Editorial written by The Philadelphia Inquirer Editorial Board.
It used to be common to see Let’s Make a Deal contestants leave the TV game show smiling after winning $100 for every coin they could pull out of their purse or pocket. But as America moves ever closer to becoming a cashless society, it’s just as likely to see contestants who couldn’t scrape up a dime.
About 41% of Americans no longer use cash to make most of their weekly purchases, according to a Pew Research Center survey. That’s a huge jump from the 24% who said they rarely used cash in 2015. Conversely, only 14% of Americans make almost all their purchases with cash, compared with 24% in 2015.
As one might expect, 71% of adults older than 50 are likely to have some cash on them, compared with 45% of those under 50. Americans with lower incomes are also more reliant on cash. Roughly 30% of people with household incomes below $30,000 a year use cash for almost all of their weekly purchases, compared with 6% among those living in households earning $50,000 or more a year.
While such statistics suggest where this country is headed, there’s less certainty as to how or when it will get there. Before it phases out bills and coins, the federal government must create a cashless replacement similar to debit and credit cards or digital wallet apps such as Zelle, PayPal, Apple Pay, Venmo, or Cash App.
America’s new digital currency would replace all coins and paper money. But unlike privately held cryptocurrency, which businesses aren’t legally required to accept, a central bank digital currency (CBDC) overseen by the Federal Reserve Board would be legal tender that can be used to make purchases in any store or restaurant.
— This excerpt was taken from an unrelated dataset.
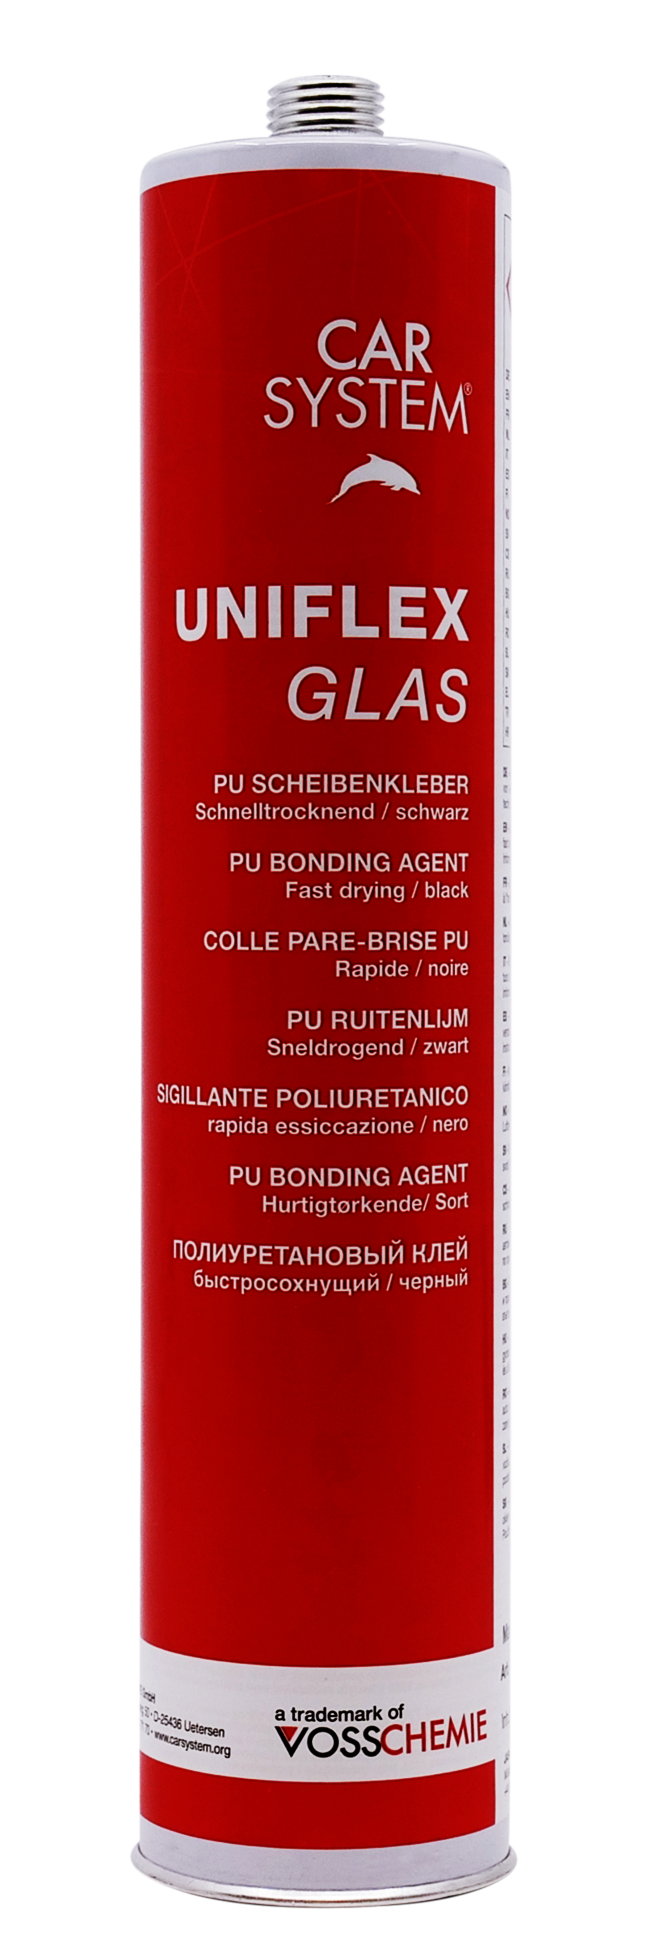 Carsystem Uniflex Glas Scheibenkleber

The Bahamas rolled out the world’s first central bank digital currency in 2020. China, Japan, and Sweden have begun digital currency trials, and the Bank of England and the European Central Bank are preparing to take that step. But this country has made little progress since President Joe Biden signed an executive order two years ago announcing the government would explore the potential of a CBDC.
A good first step toward a cashless economy would be to stop minting pennies, which most people don’t use anyway. An estimated 240 billion pennies are more likely in a piggy bank or a coffee can instead of being circulated. That has created a vicious cycle in which the U.S. Mints in Philadelphia and Denver keep making pennies that don’t get spent to replace pennies that didn’t get spent. Since it costs three pennies to mint a penny, that’s a losing proposition.
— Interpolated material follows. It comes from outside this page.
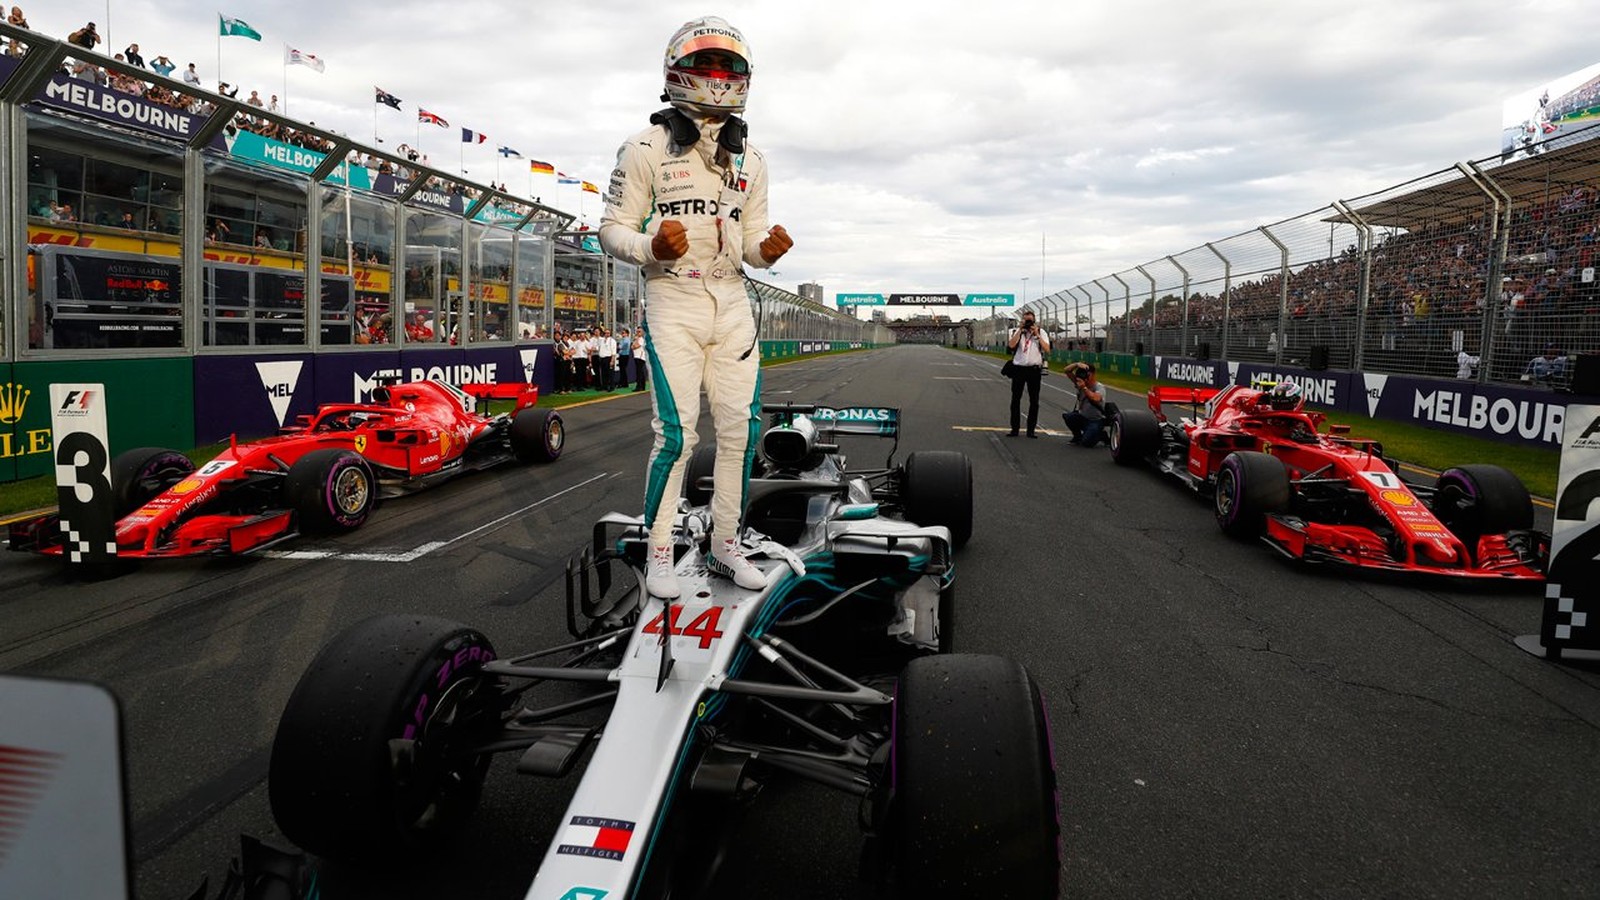 Hamilton deslancha no fim e conquista a pole position com recorde na Austrália

Noting the cost to keep replacing unused pennies, Treasury Secretary William E. Simon 48 years ago asked Congress to stop minting them. More recently, former U.S. Mint director Philip Diehl said the penny should have been retired when vending machines stopped taking them. Coinstar machines still take pennies, nickels, dimes, and quarters, but will charge you a 12.5% service fee to count them.
Canada stopped distributing its penny coin in 2012 and subsequently removed six billion pennies from circulation. Over the next three years, it returned most of those coins to the nation’s mint, which melted them so the metal could be used otherwise. Pennies remain legal tender in Canada and can still be used to make purchases. But once a penny reaches a bank, it is taken out of circulation. That fate may await all currency.
Centuries have passed since money replaced the barter system. The first coins, bronze and copper imitations of cowry shells, were made by the Chinese around 1000 B.C. The first gold and silver coins were made around 700 B.C. in the ancient kingdom of Lydia, now part of Turkey. Minting coins spread to Greece, Persia, Macedonia, and Rome. The United States struck its first coins in 1793 at the Philadelphia Mint and issued its first paper money in 1861.
What comes next requires care. A huge issue to be resolved with digital money is its vulnerability to identity theft as phishing hackers use malware and other means to obtain private information. No data available digitally seems to remain private these days. That means if the Federal Reserve Board ever develops a digital alternative to U.S. currency, it must come up with a better security system than banks are using now.